The government maintains the total allowable catch for natives won't exceed 33 per cent of the overall catch.
Earlier this year, Cummins' Conservative colleague, Indian Affairs Minister Jim Prentice, said the cumulative effect of treaty allocations was properly examined by the Pearse/McRae report in 2004. "The result of settling all treaties would result in approximately 33 per cent of the sockeye harvest being provided to First Nations for both food, social and ceremonial and commercial," the minister said at the time.
Under the treaty, the Tsawwassen First Nation has been given 0.78 per cent of the total allowable catch for sockeye, the most coveted and economically lucrative species of salmon on the Fraser.
If that benchmark were applied up and down the river to various bands, Cummins said, it would result in the equivalent of 177 per cent of the catch going to natives.
This is in addition to the regular commercial fishery, in which about 35 per cent of natives hold licences and have for several decades, Cummins added.

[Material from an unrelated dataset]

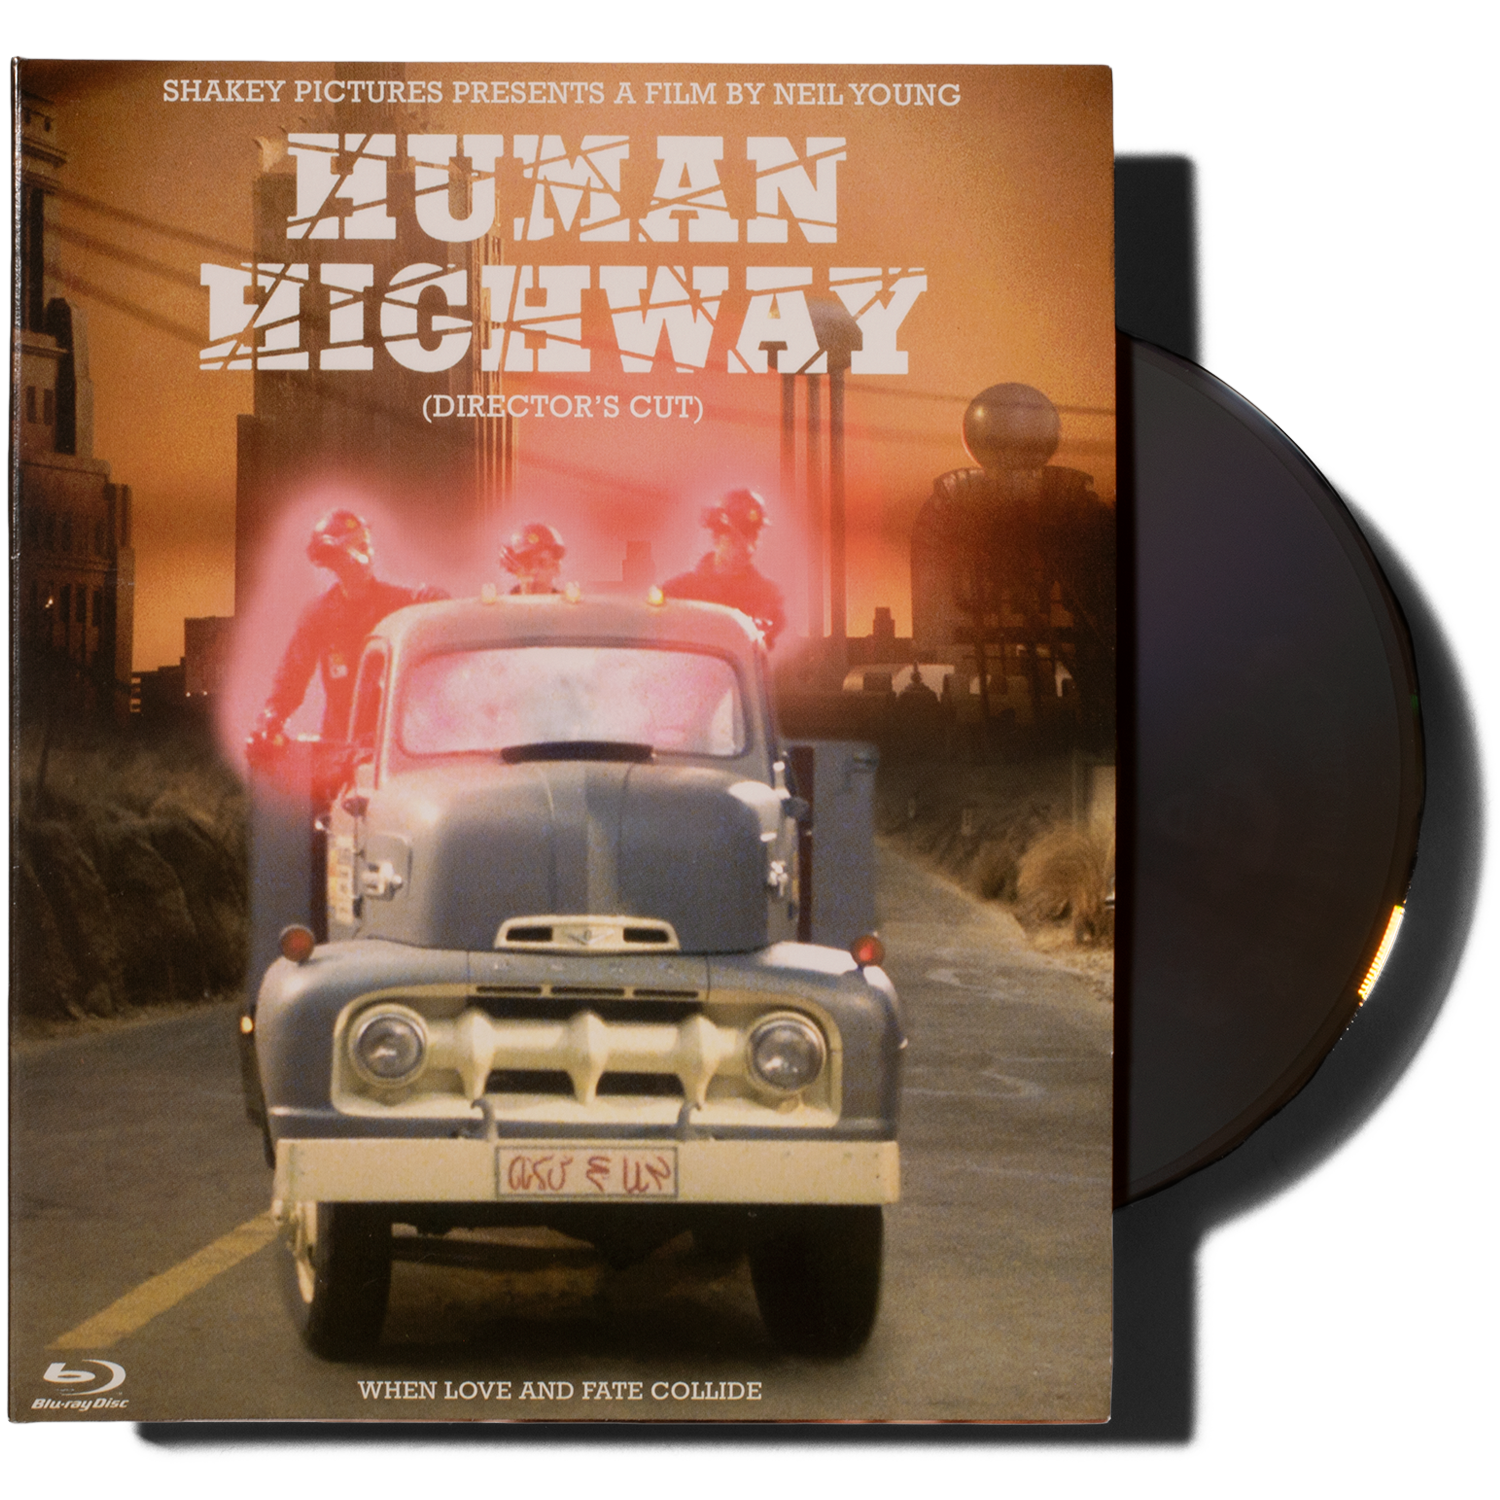 Human Highway (Director's Cut) Blu-Ray | Neil Young US Official Store

In his report, the veteran MP also says the separate native harvest agreements will advance the interests of large fishing corporations such as the Jimmy Pattison-owned Canadian Fishing Company.
According to Cummins, Pattison's staff are already negotiating with Fraser River bands to gain access to those native commercial allocations. The corporations, which could be handed over licences from the Tsawwassen band and possibly other aboriginal groups, would pay a royalty to the bands in order to harvest those special allocations.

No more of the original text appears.